**Exercise input**

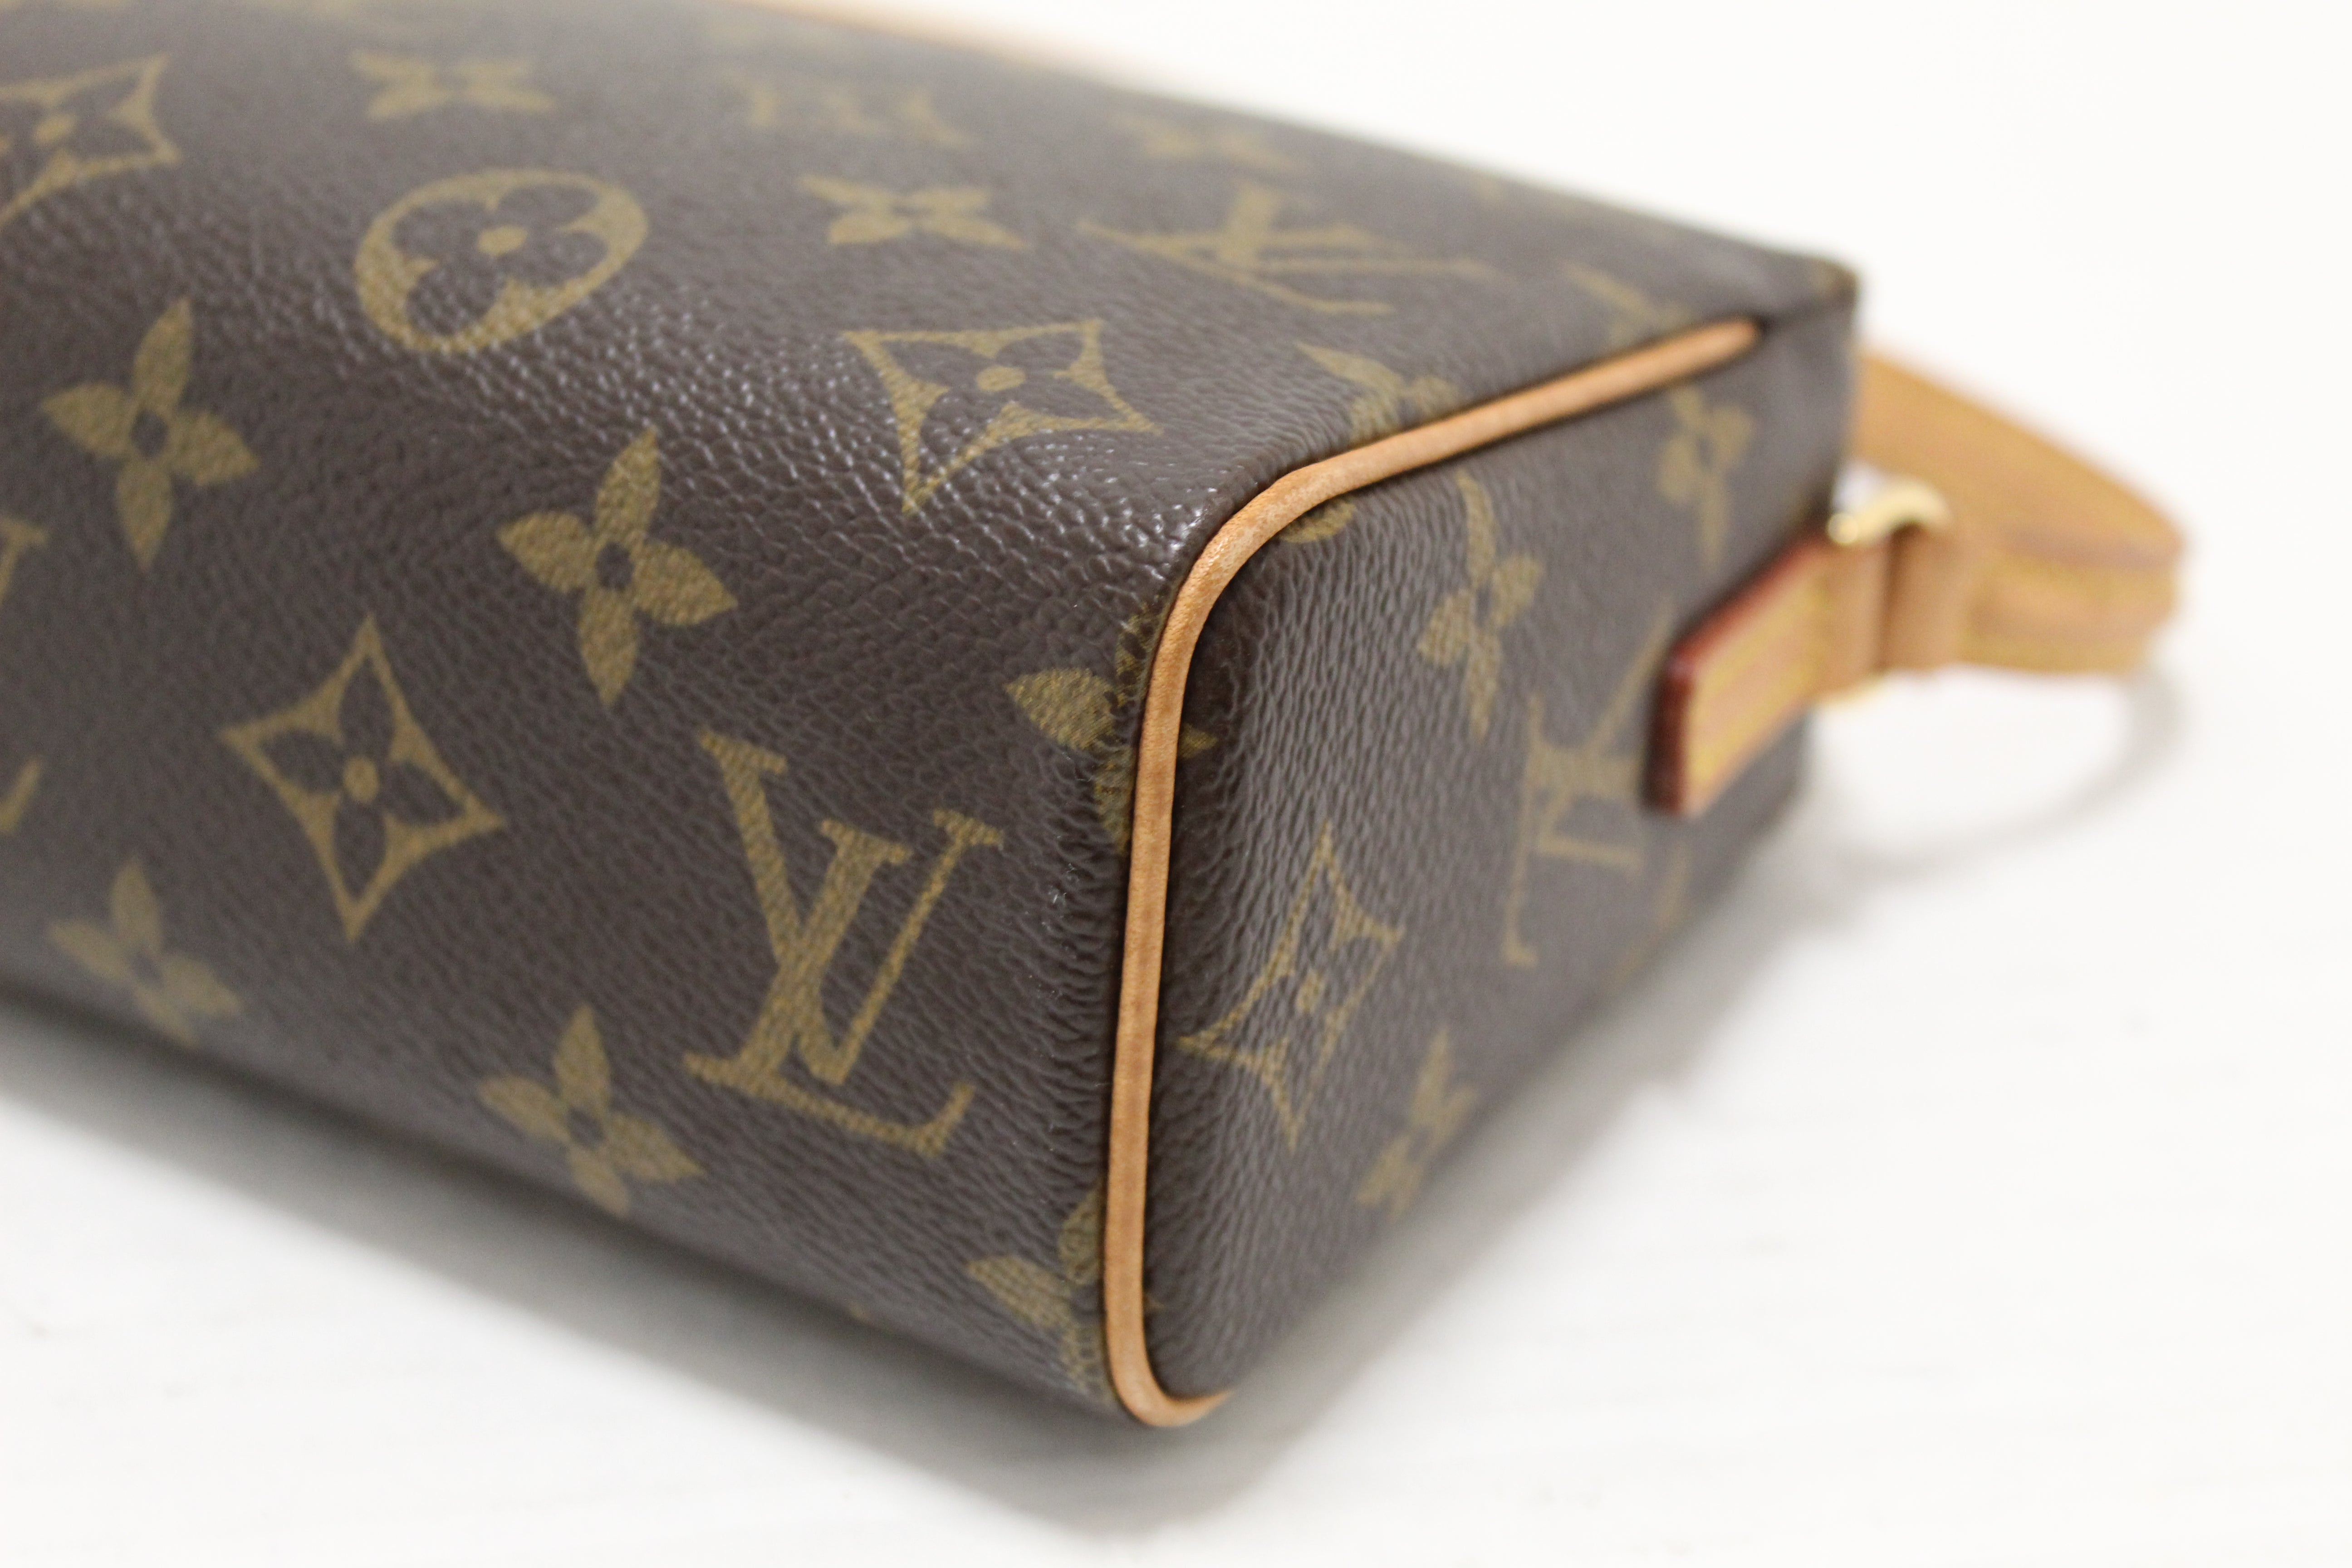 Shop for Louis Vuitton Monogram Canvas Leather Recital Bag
* * *
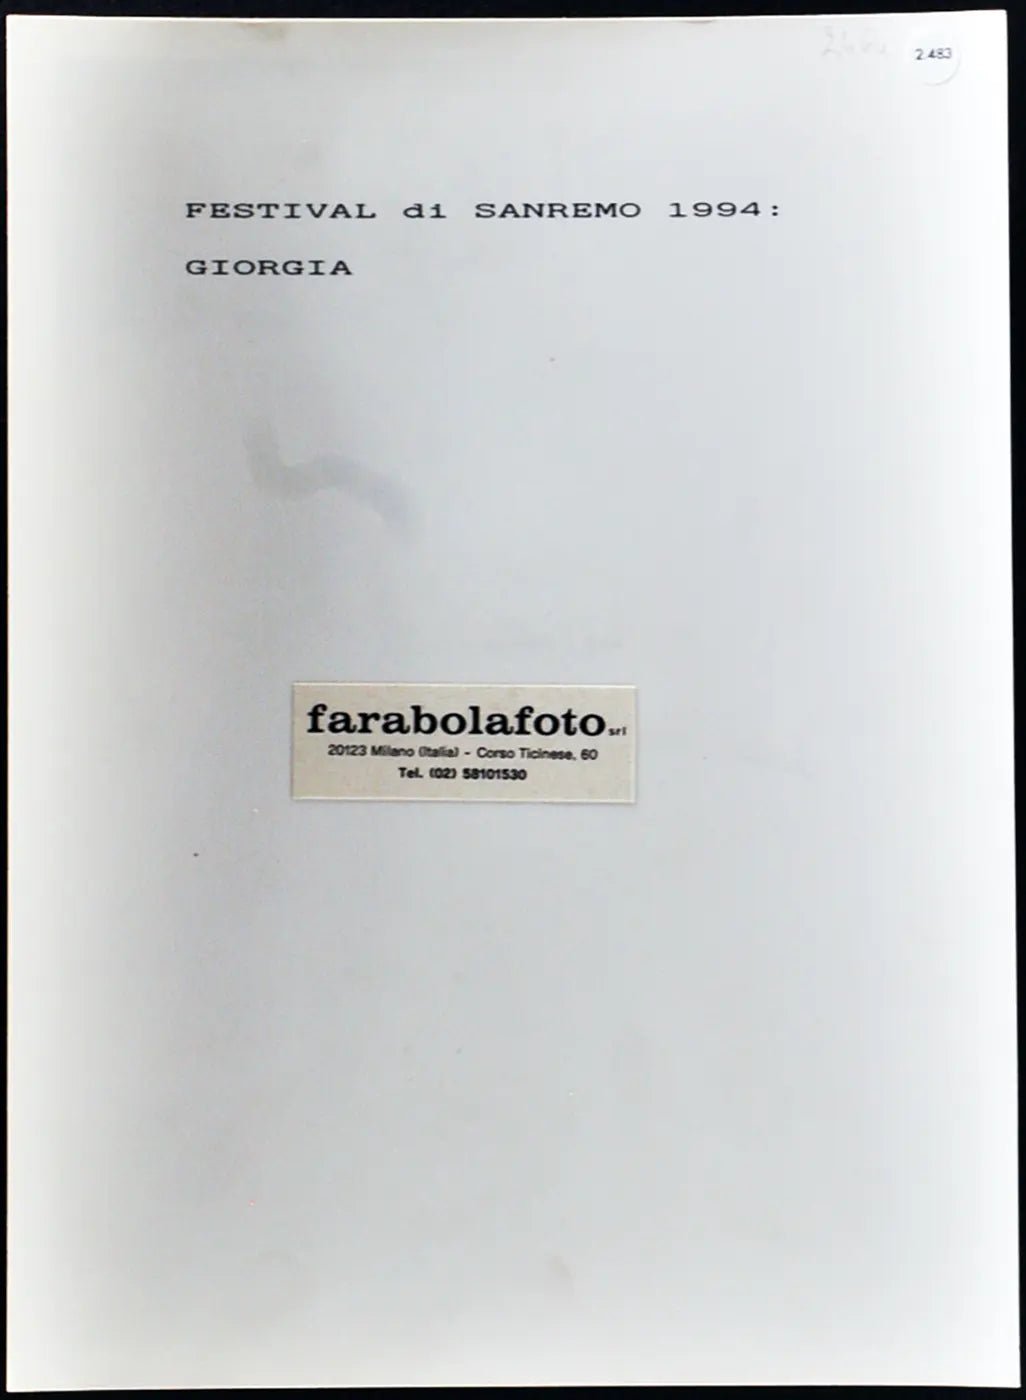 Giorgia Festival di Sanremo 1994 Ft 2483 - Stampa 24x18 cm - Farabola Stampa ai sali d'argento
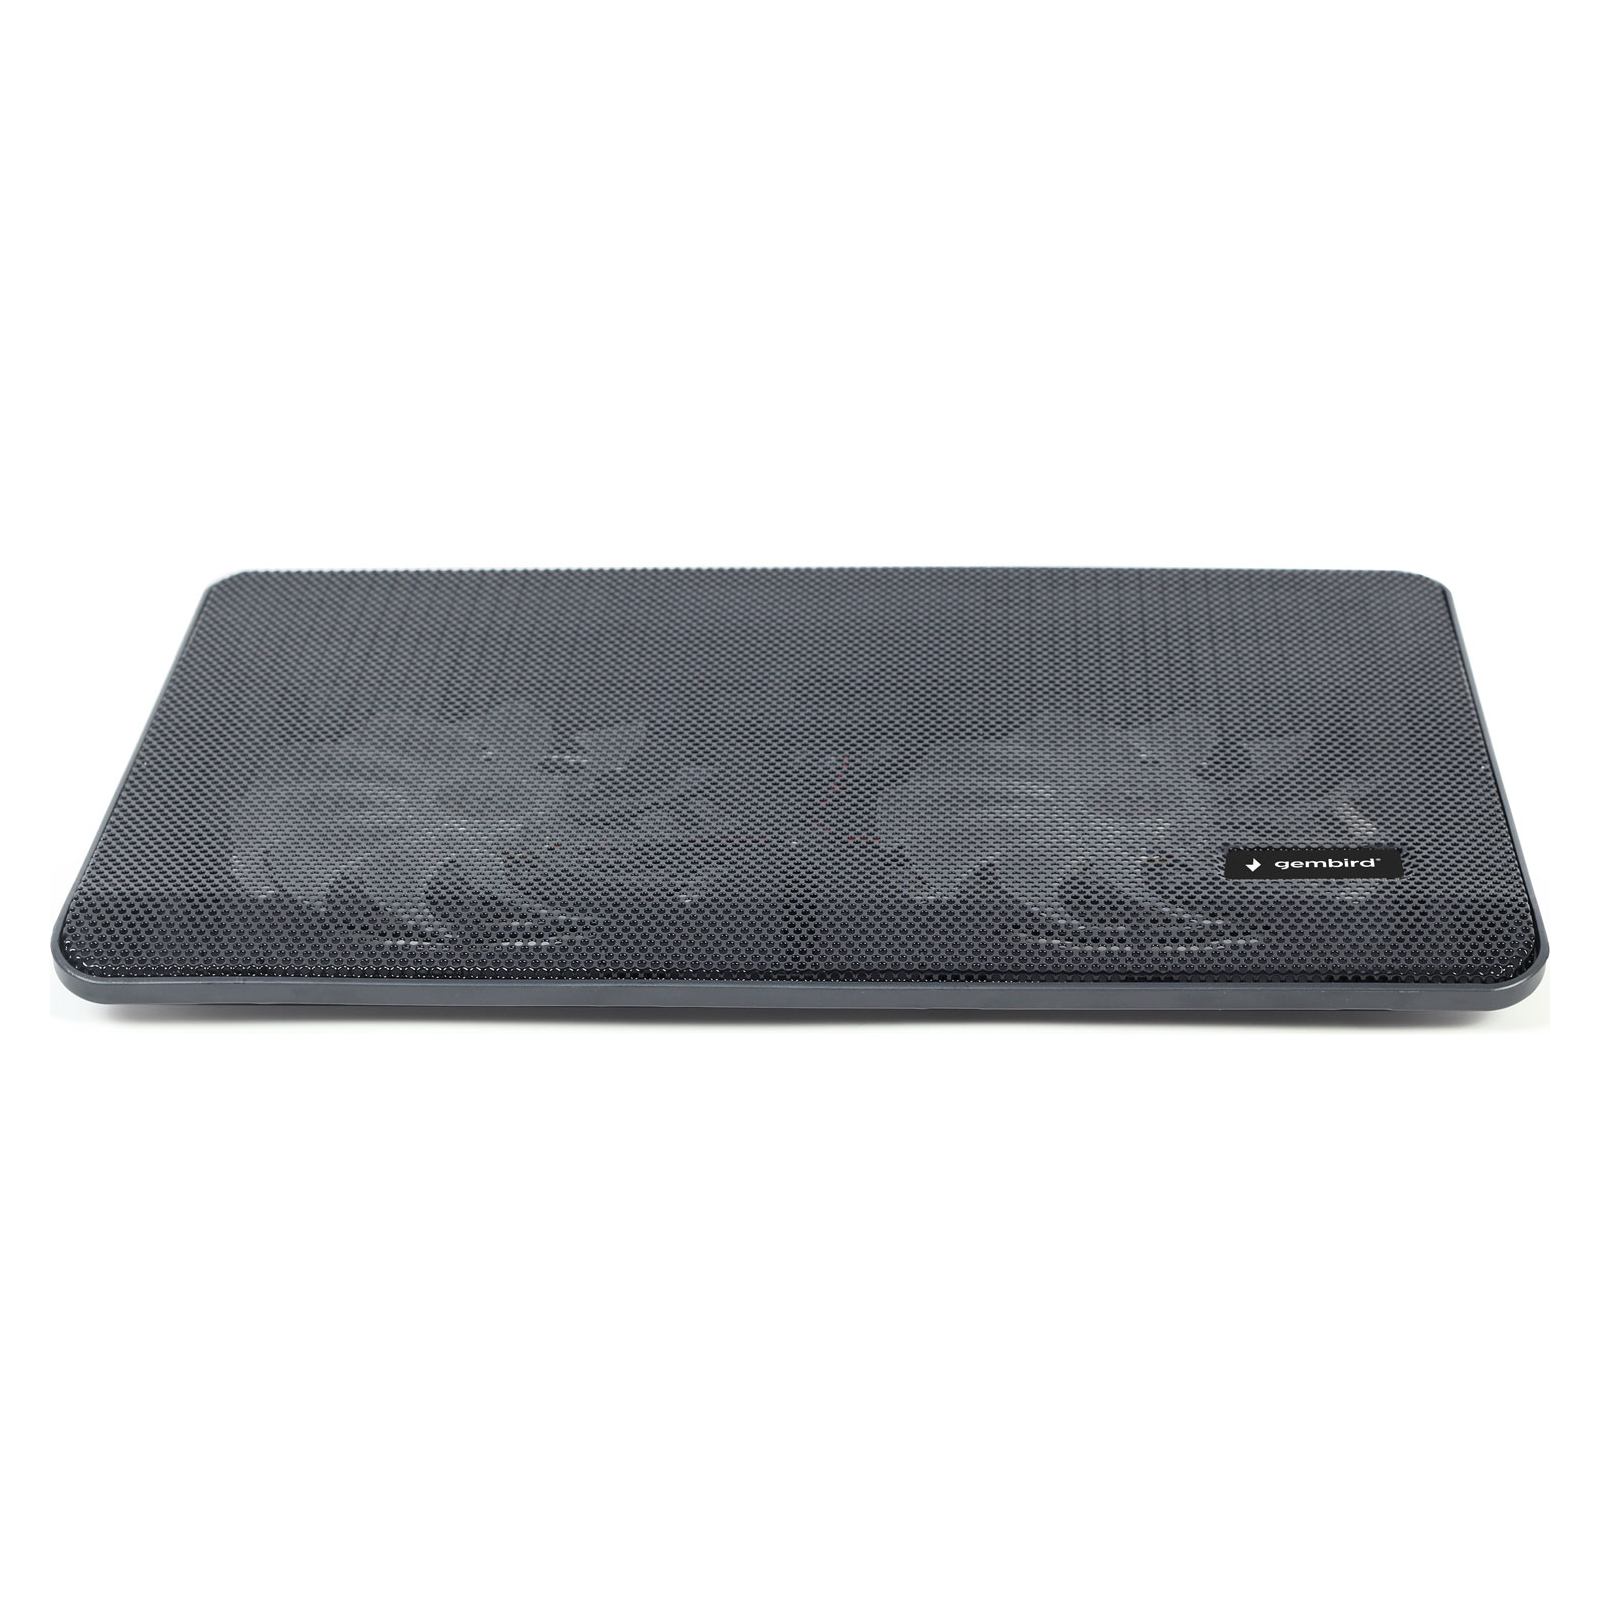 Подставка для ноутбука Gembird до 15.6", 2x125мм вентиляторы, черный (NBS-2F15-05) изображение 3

**What the task asks**
Although the records hold pictures, the copy must not; give again exactly the lines from the one with "Giorgia Festival di" through the one with "Подставка для ноутбука".

**Result of the exercise**
 Giorgia Festival di Sanremo 1994 Ft 2483 - Stampa 24x18 cm - Farabola Stampa ai sali d'argento
 Подставка для ноутбука Gembird до 15.6", 2x125мм вентиляторы, черный (NBS-2F15-05) изображение 3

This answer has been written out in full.